-----暴力搜索-hdu 5952 Counting Cliques

A clique is a complete graph, in which there is an edge between every pair of the vertices. Given a graph with N vertices and M edges, your task is to count the number of cliques with a specific size S in the graph.
Input
The first line is the number of test cases. For each test case, the first line contains 3 integers N,M and S (N ≤ 100,M ≤ 1000,2 ≤ S ≤ 10), each of the following M lines contains 2 integers u and v (1 ≤ u < v ≤ N), which means there is an edge between vertices u and v.
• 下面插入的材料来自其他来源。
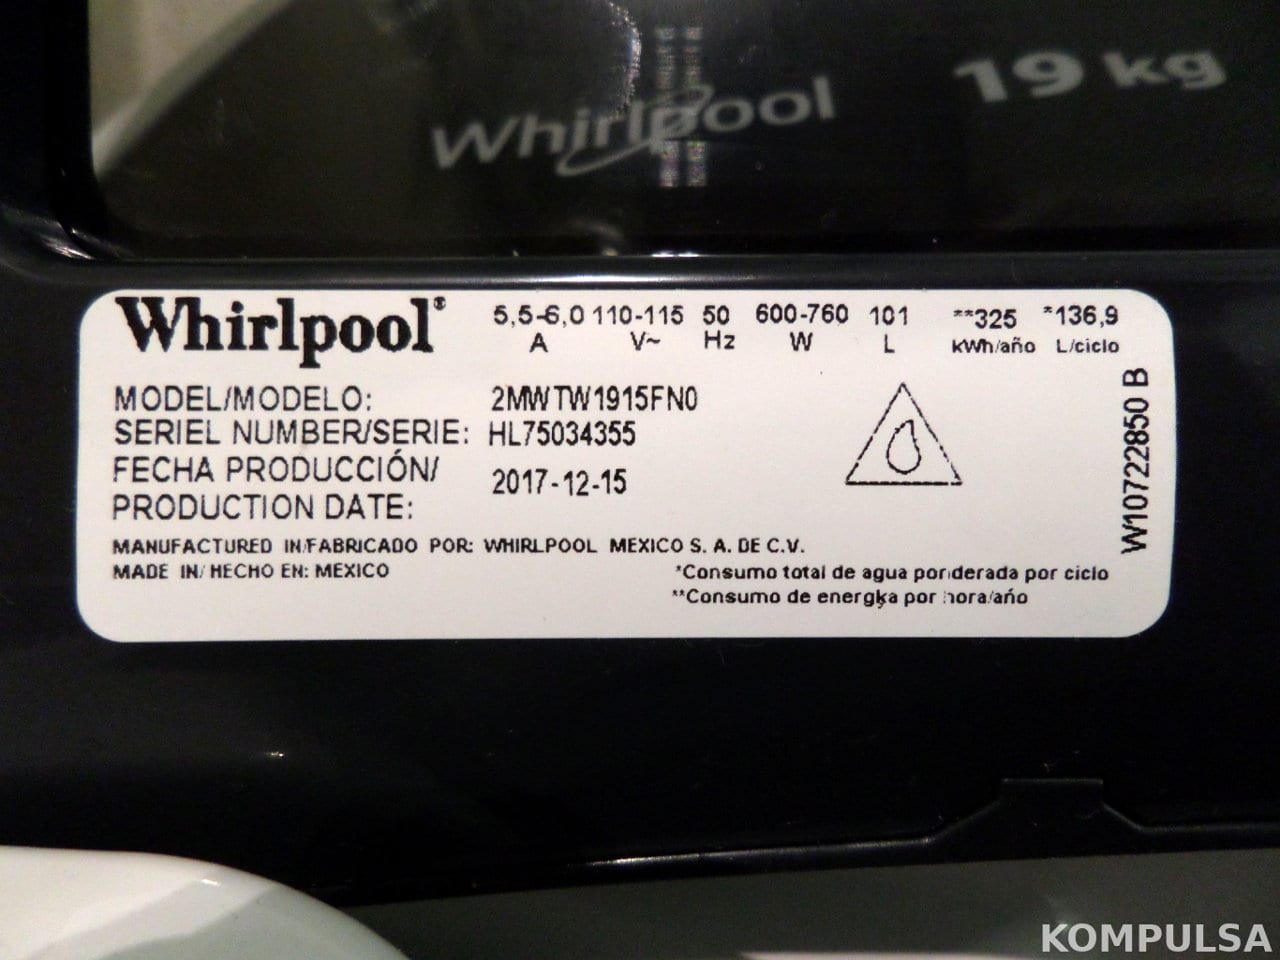 Washer label with electrical ratings

It is guaranteed that the maximum degree of the vertices is no larger than 20.
Output
For each test case, output the number of cliques with size S in the graph.
Sample Input
3
4 3 2
1 2
2 3
3 4
5 9 3
1 3
1 4
1 5
2 3
2 4
2 5
3 4
3 5
4 5
6 15 4
1 2
1 3
1 4
1 5
1 6
2 3
2 4
2 5
2 6
3 4
3 5
3 6
4 5
4 6
5 6
Sample Output
3
7
15
….瞎写然后就过了

#include <iostream>
#include <cstring>
#include <cstdio>
#include <cmath>
#include <vector>
#include <algorithm>
using namespace std;

const int maxn=905;
const int M=9005;
int n,m,s;
int ans,flag,coun;
vector<int>g[M];
int pos[maxn],vis[maxn][maxn];

void dfs(int u)
{
    if(coun==s)
    {
        ans++;
        return;
    }
    for(int i=0; i<g[u].size(); i++)
    {
        int to=g[u][i];
        for(int k=1; k<=coun; k++)
        {
            flag=0;
            if(vis[to][pos[k]]==0||vis[pos[k]][to]==0)
            {
                flag=1;
                break;
            }
        }
        if(flag==0)
        {
            coun++;
            pos[coun]=to;
            dfs(to);
            pos[coun]=0;
            coun--;
        }
    }
}

int main()
{
    int t;
    scanf("%d",&t);
    while(t--)
    {
        for(int i=0;i<=n;i++)
            g[i].clear();
        memset(vis,0,sizeof(vis));
        int x,y;
        scanf("%d%d%d",&n,&m,&s);
        for(int i=0; i<m; i++)
        {
            scanf("%d%d",&x,&y);
            vis[x][y]=1;
            vis[y][x]=1;
             g[x].push_back(y);
        }
        ans=0;
        for(int i=1; i<=n; i++)
        {
            coun=1;
            for(int j=0;j<=n;j++)
            {
                  if(j==1) pos[j]=i;
            else pos[j]=0;
            }
            dfs(i);
        }
        printf("%d\n",ans);
    }
}